> RECORDED DATA:
* * *

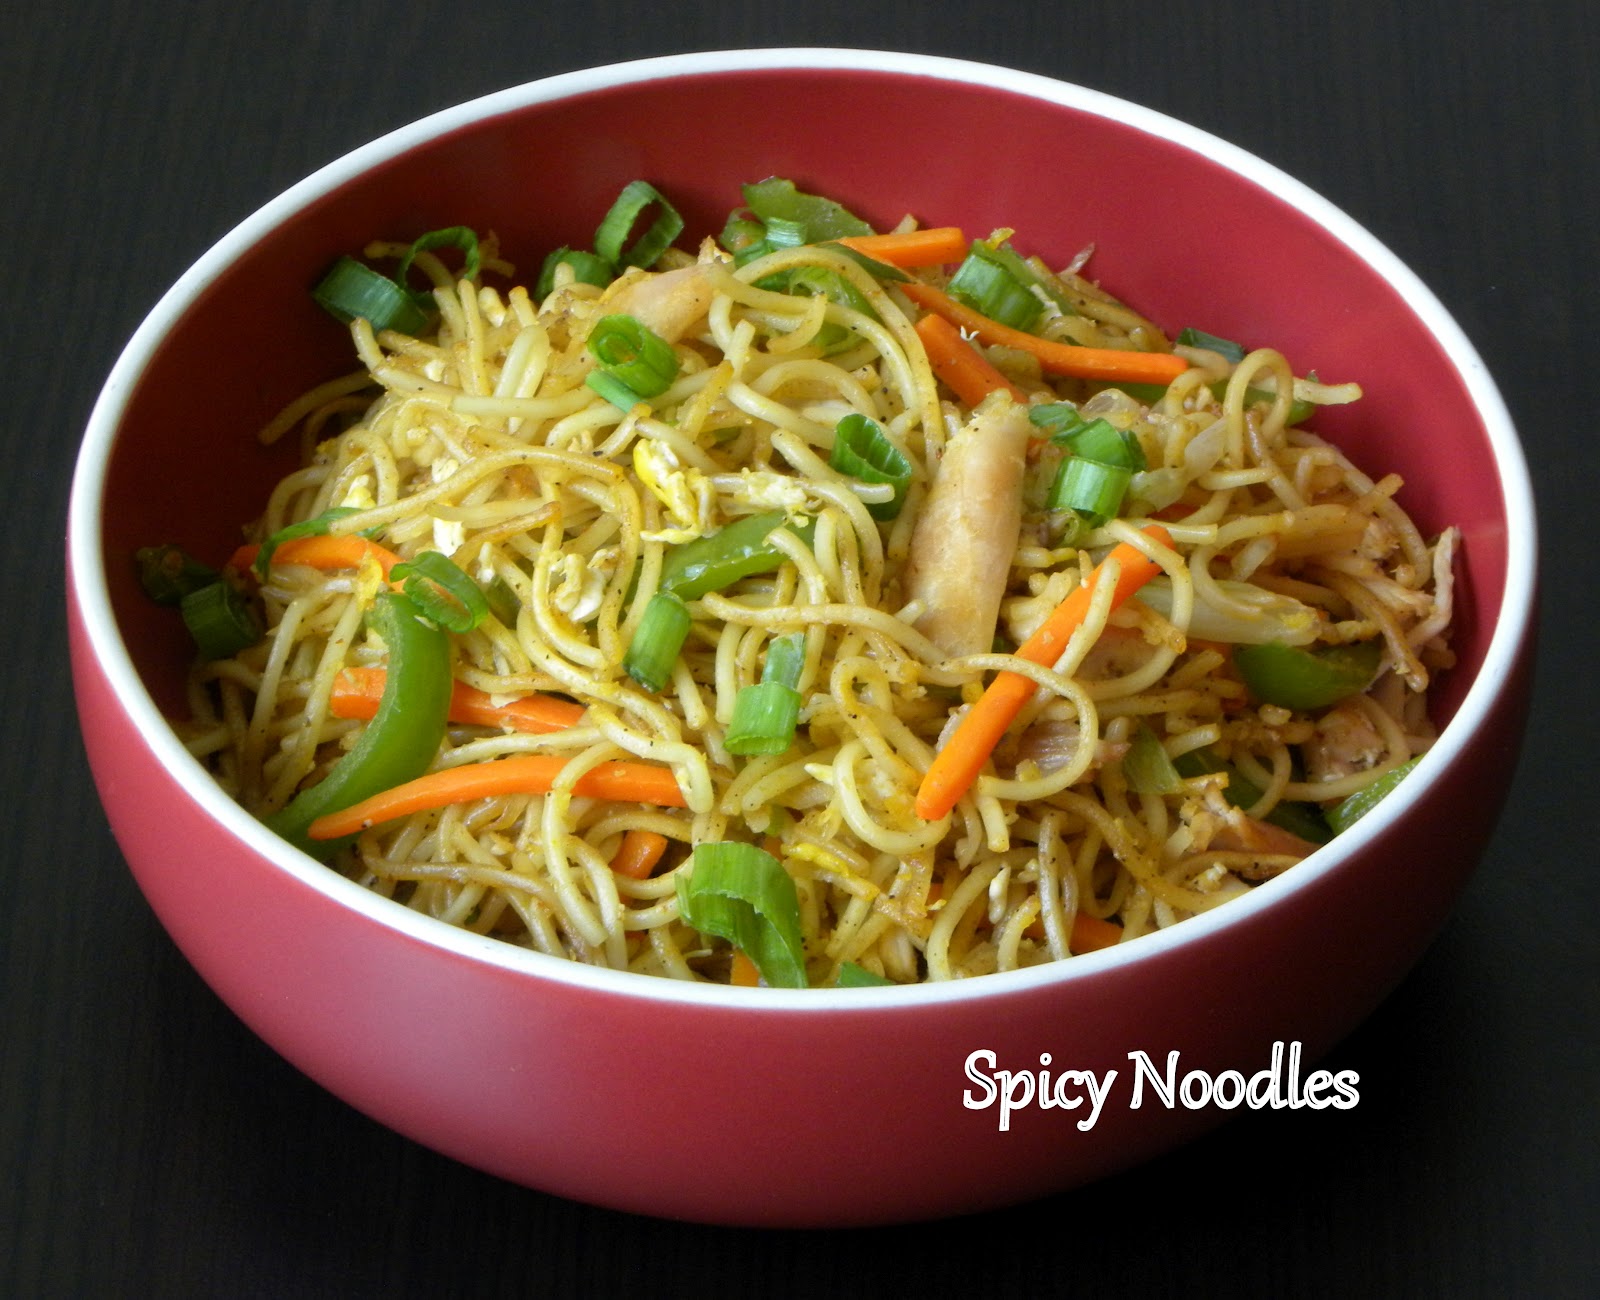 Tasty Treats: Spicy Noodles
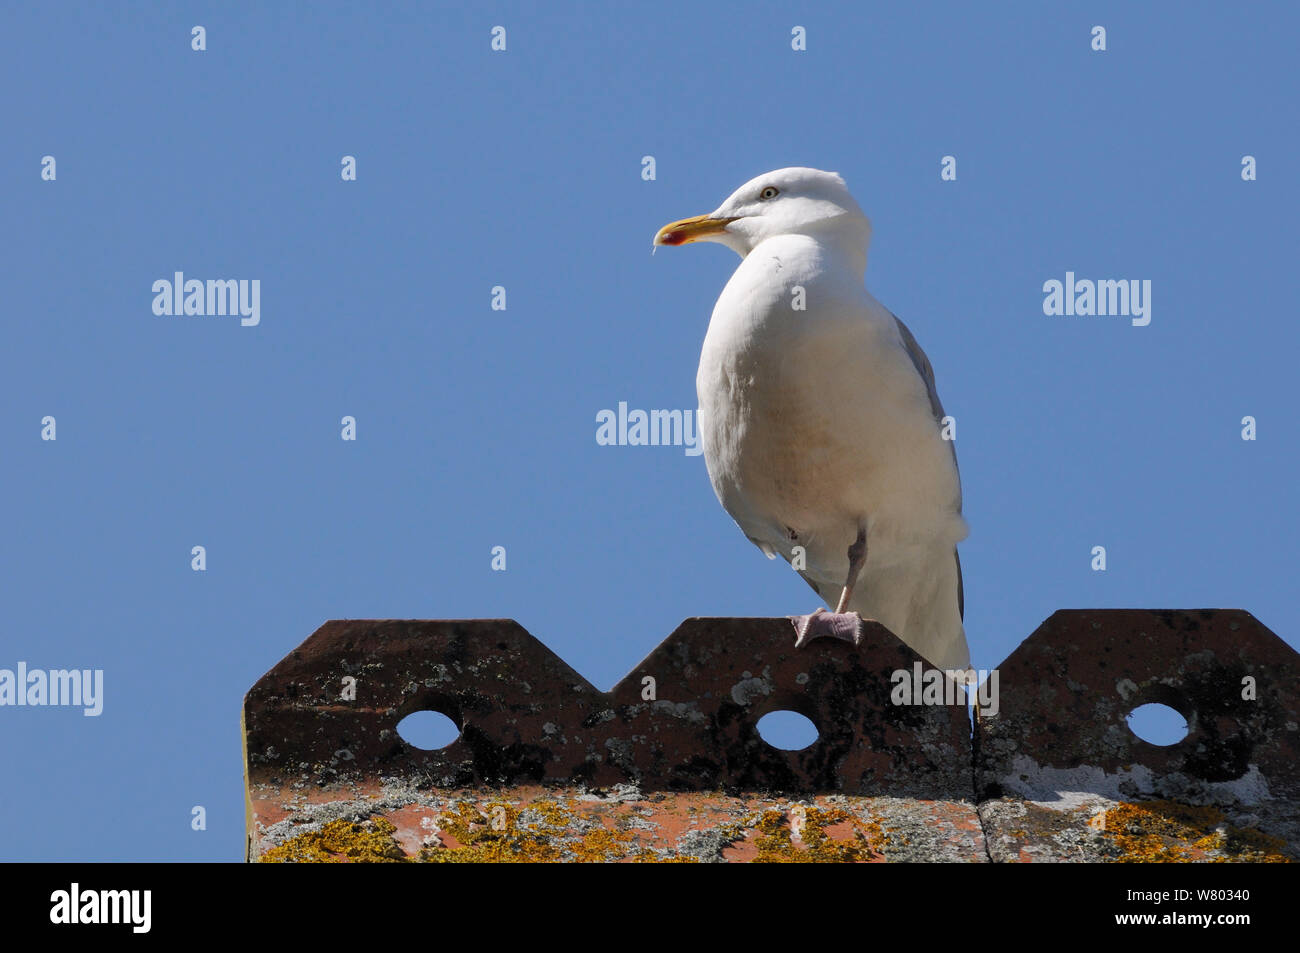 Adult Herring gull (Larus argentatus) standing on one leg on rooftop, Looe, Cornwall, UK, June. Editorial use only. Stock Photo
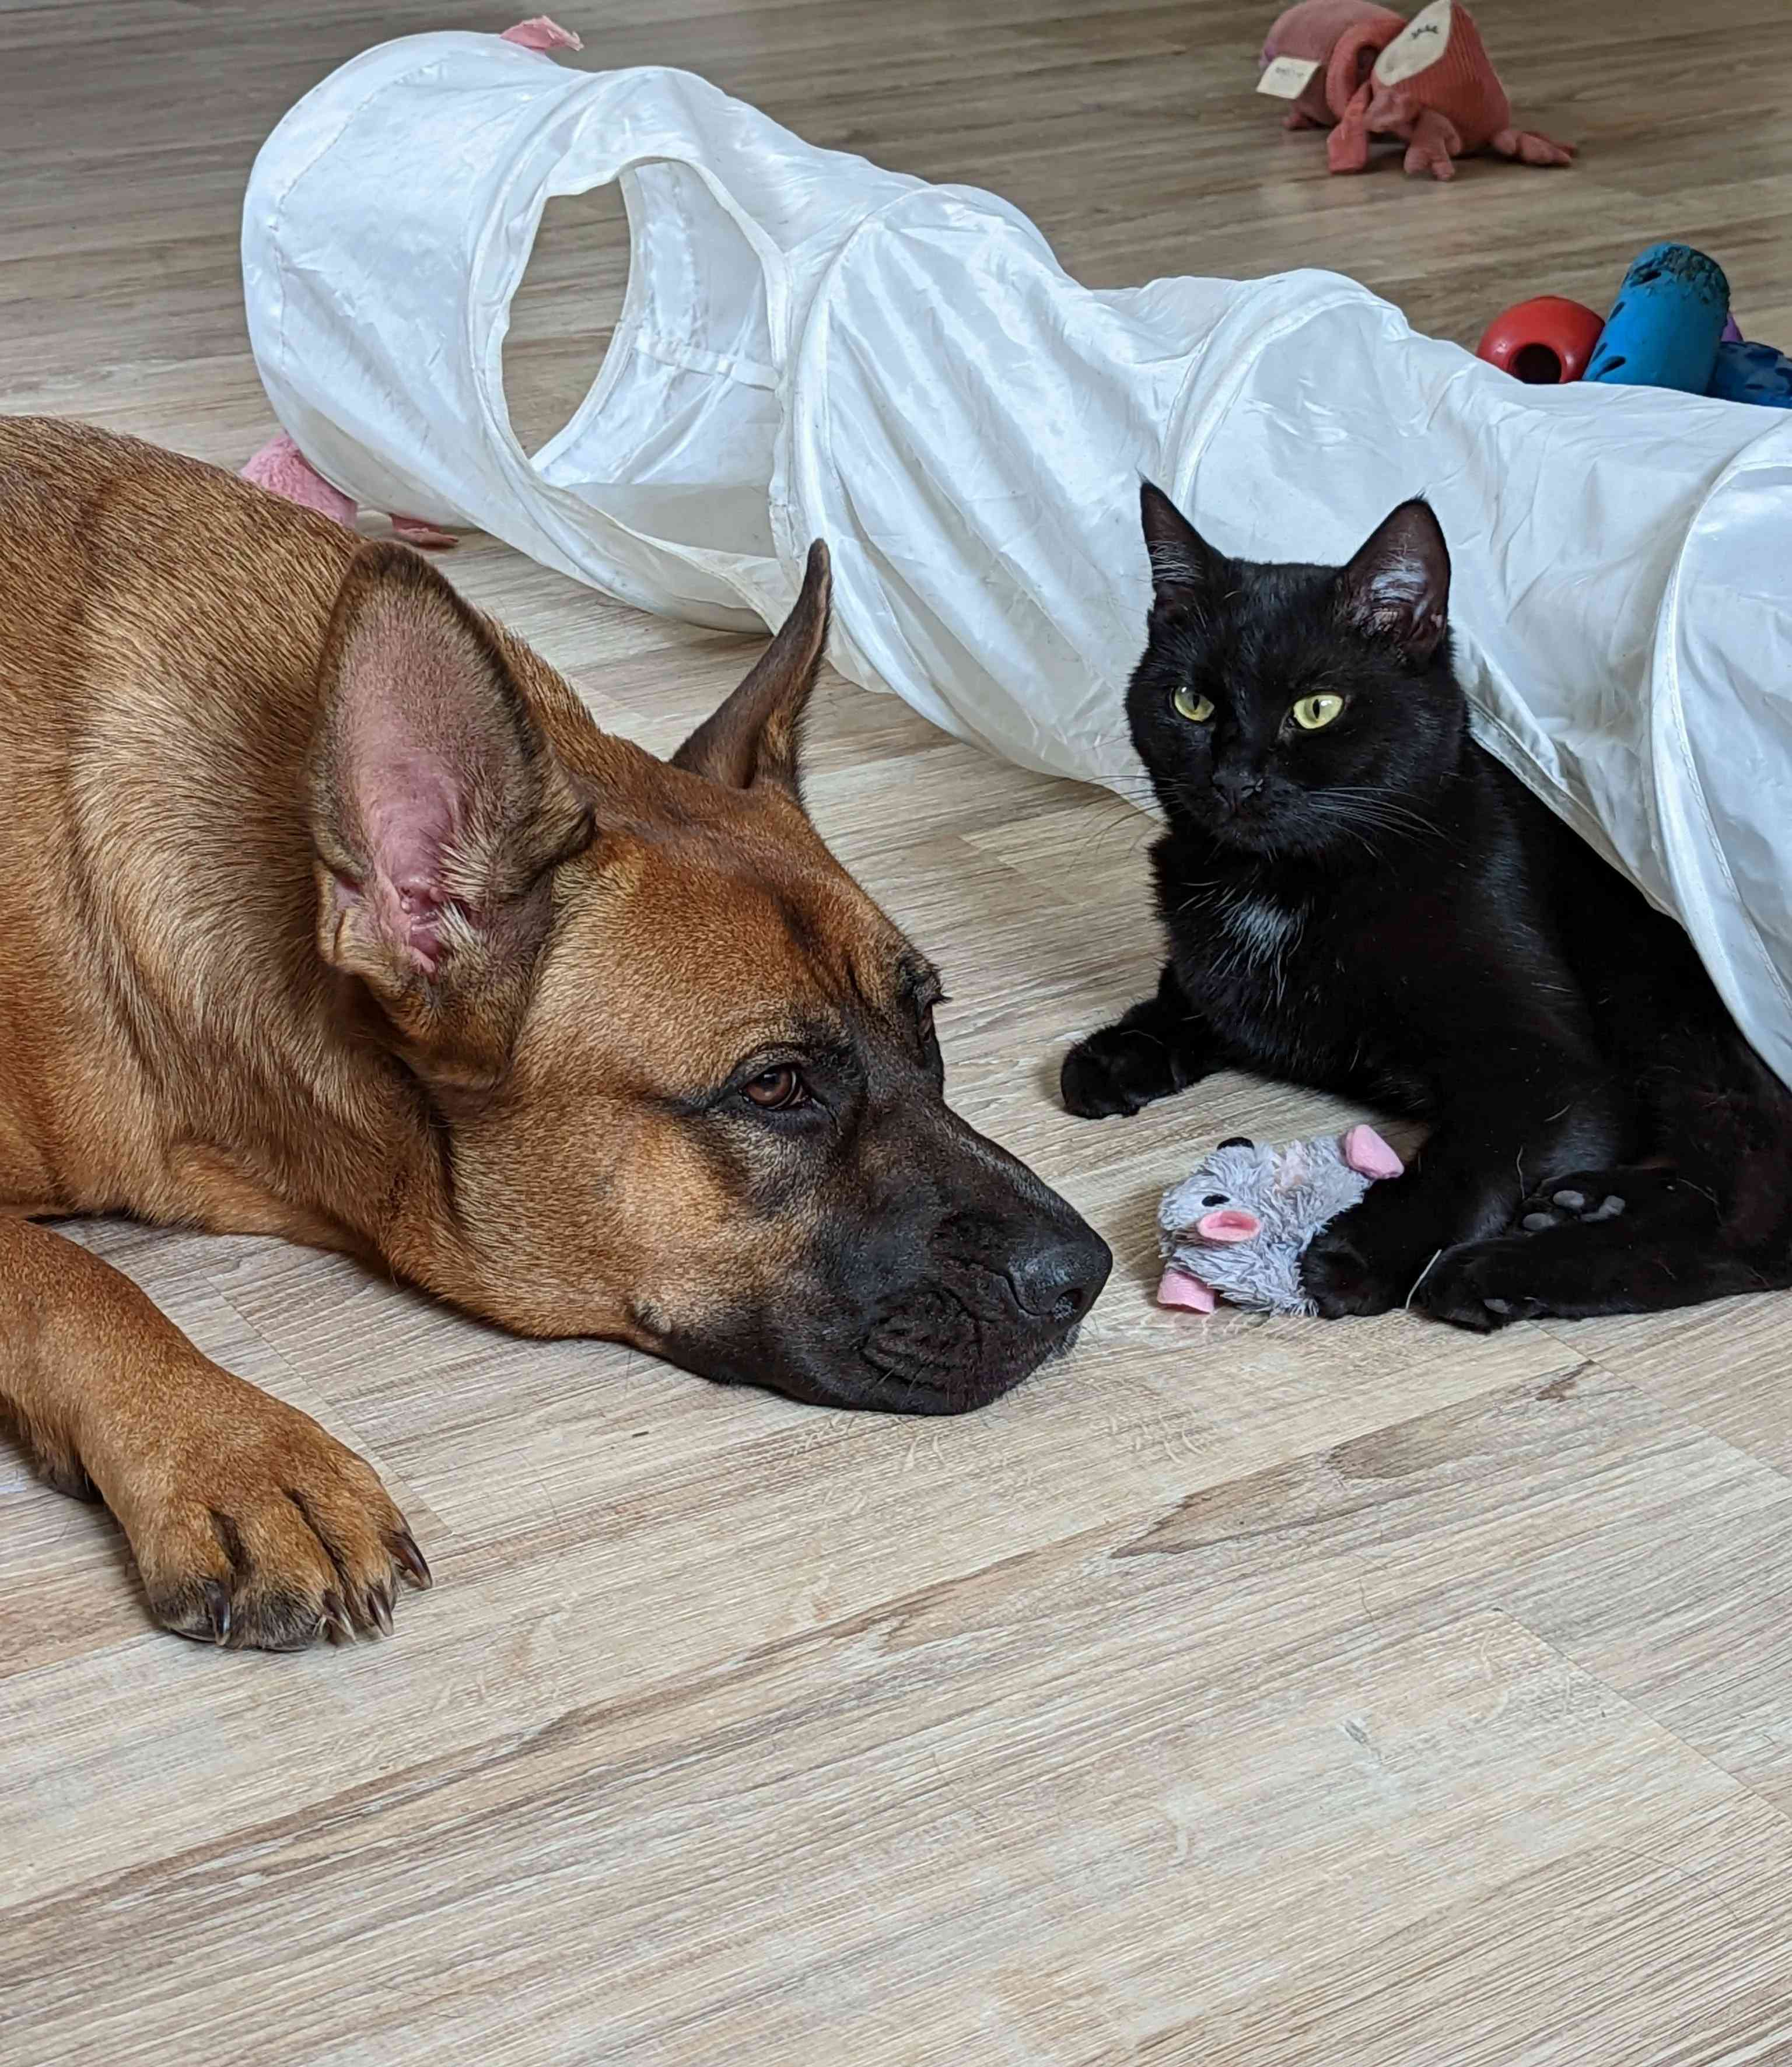 Photos of my animals, Soueï (German Shepherd and Dogue de Bordeaux cross dog) and Shadow (Black Cat)

* * *

> WHAT THE EXERCISE ASKS:
Set down the entire material verbatim, with each picture left out.

> RESULT OF THIS EXERCISE:
 Tasty Treats: Spicy Noodles
 Adult Herring gull (Larus argentatus) standing on one leg on rooftop, Looe, Cornwall, UK, June. Editorial use only. Stock Photo
 Photos of my animals, Soueï (German Shepherd and Dogue de Bordeaux cross dog) and Shadow (Black Cat)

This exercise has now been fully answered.